Supporting software documentation with source code summarization

Supporting software documentation with source code summarization
Notice: This research summary and analysis were automatically generated using AI technology. For absolute accuracy, please refer to the [Original Paper Viewer] below or the Original ArXiv Source.

Source code summarization is a process of generating summaries that describe software code, the majority of source code summarization usually generated manually, where the summaries are written by software developers. Recently, new automated approaches are becoming more useful. These approaches have been found to be effective in some cases. The main weaknesses of these approaches are that they never exploit code dependencies and summarize either the software classes or methods but not both. This paper proposes a source code summarization approach (Suncode) that produces a short description for each class and method in the software system. To validate the approach, it has been applied to several case studies.

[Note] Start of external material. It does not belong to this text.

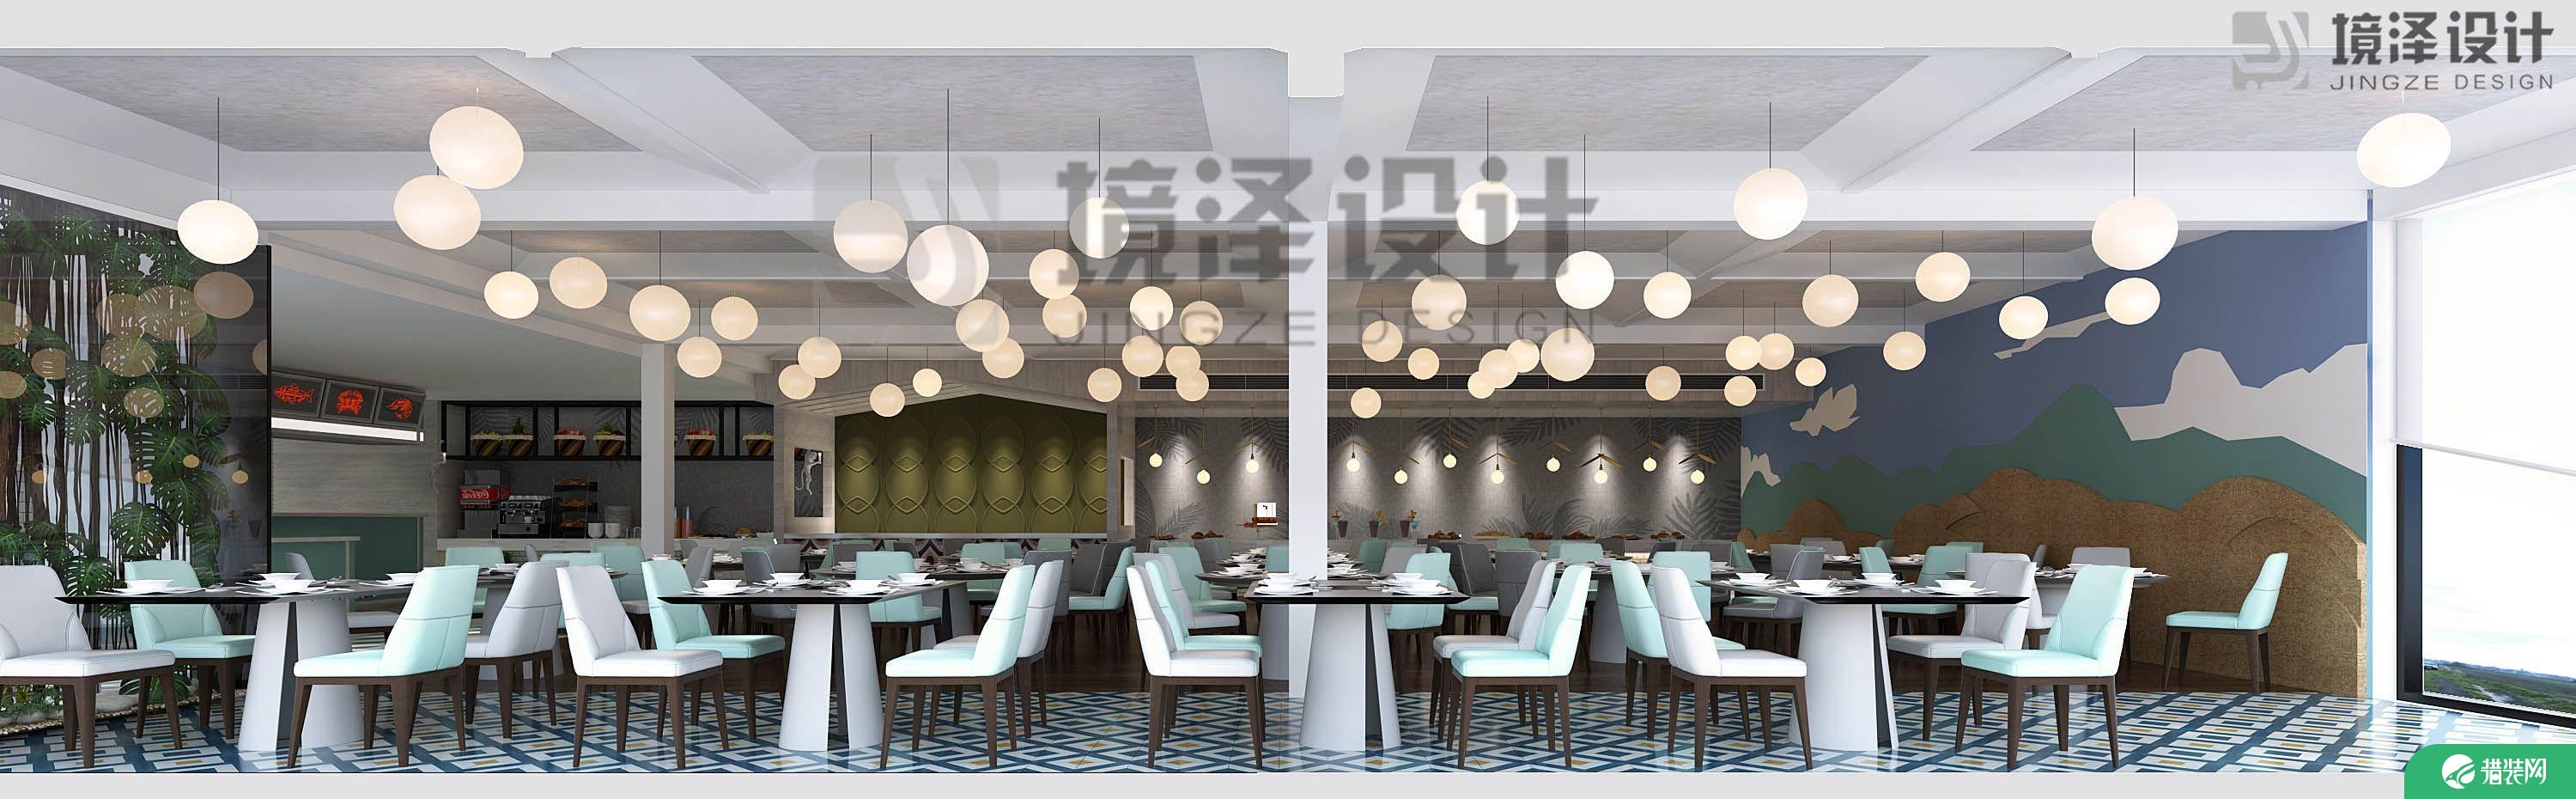 厦门菲律宾薄荷岛海鲜餐厅装修效果图

Moreover, the generated summaries are compared to summaries that written by human experts and to summaries that written by a state-of-the-art solution. Results of this paper found that Suncode summaries provide better information about code dependencies comparing with other studies. In addition, Suncode summaries can improve and support the current software documentation. The results found that manually written summaries were more precise and short as well.


💡 Research Summary

The paper addresses a persistent gap in software engineering: the mismatch between source code and its accompanying documentation. While many recent works have introduced automated code summarization techniques, most of them focus exclusively on either classes or methods and completely ignore code dependencies such as call graphs and inheritance hierarchies. This omission limits the usefulness of generated summaries, especially when developers need to understand the structural context of a piece of code.

To overcome these shortcomings, the authors propose Suncode, a novel summarization framework that simultaneously produces short natural‑language descriptions for every class and every method in a software system while explicitly incorporating dependency information. The approach consists of three main stages.

  1. Static Dependency Extraction – Using a static analysis engine, Suncode builds a comprehensive dependency graph for the whole project. The graph captures method‑call relationships, class inheritance trees, and interface implementations. Each node (class or method) is annotated with quantitative “dependency scores” that reflect how central the element is within the graph.

  2. Contextual Feature Fusion – The dependency scores are merged with traditional code features: signatures, existing comments, and identifier names. This fused representation is fed into a preprocessing module that formats the data as a sequence suitable for a neural language model.

  3. Neural Generation – A Transformer‑based sequence‑to‑sequence model, pre‑trained on large public code‑summary corpora (e.g., CodeSearchNet, CodeBERT), is fine‑tuned on the target project. During fine‑tuning, the model learns to weight dependency‑derived tokens more heavily, encouraging it to mention, for example, “overrides BaseLogger.log” or “invokes DataProcessor.transform”. The output is a concise English sentence for each class and method.

The authors evaluate Suncode on six systems: four open‑source projects (a web framework, a data‑processing library, a mobile app, and a micro‑service) and two proprietary industrial applications. For each system, three sets of summaries are compared: (a) human‑written expert summaries, (b) summaries generated by a state‑of‑the‑art automated tool (referred to as CodeSummarizer), and (c) Suncode’s output. Evaluation metrics include BLEU, ROUGE‑L, METEOR (automatic), a developer‑survey‑based subjective quality score, and a dependency‑coverage metric that measures whether key call‑graph or inheritance facts appear in the summary.

Results show that Suncode consistently outperforms the baseline automated tool across all automatic metrics (average improvements of 3–5 points) and achieves a dependency‑coverage of 78 %, compared to 55 % for the baseline. In the developer survey, participants rated Suncode’s summaries as the most helpful for understanding code structure (4.2/5) and as moderately readable (3.8/5). Human‑written summaries still win on brevity and precision: they are about 30 % shorter and score slightly higher on overall readability (4.0/5).

The discussion highlights several strengths of Suncode: (i) it bridges the structural gap by embedding dependency information directly into natural‑language output, (ii) it provides a unified view of both class‑level and method‑level documentation, and (iii) its modular pipeline can be adapted to different languages and project sizes. Limitations are also acknowledged. Because the dependency extraction relies on static analysis, dynamic features such as reflection, runtime code generation, or polymorphic dispatch that are not visible statically may be missed. Moreover, the current system lacks fine‑grained control over summary length or level of detail, which developers often require. Finally, the study confirms that fully automated summaries cannot yet replace expert‑crafted documentation; rather, they serve as a valuable augmentation.

In conclusion, Suncode represents a meaningful step forward in automated software documentation by integrating code dependencies into the summarization process and handling both classes and methods in a single framework. Future work is outlined as (1) combining static and dynamic analyses to capture richer dependencies, (2) introducing user‑configurable verbosity controls, and (3) extending the approach to scripting languages and other non‑compiled code bases.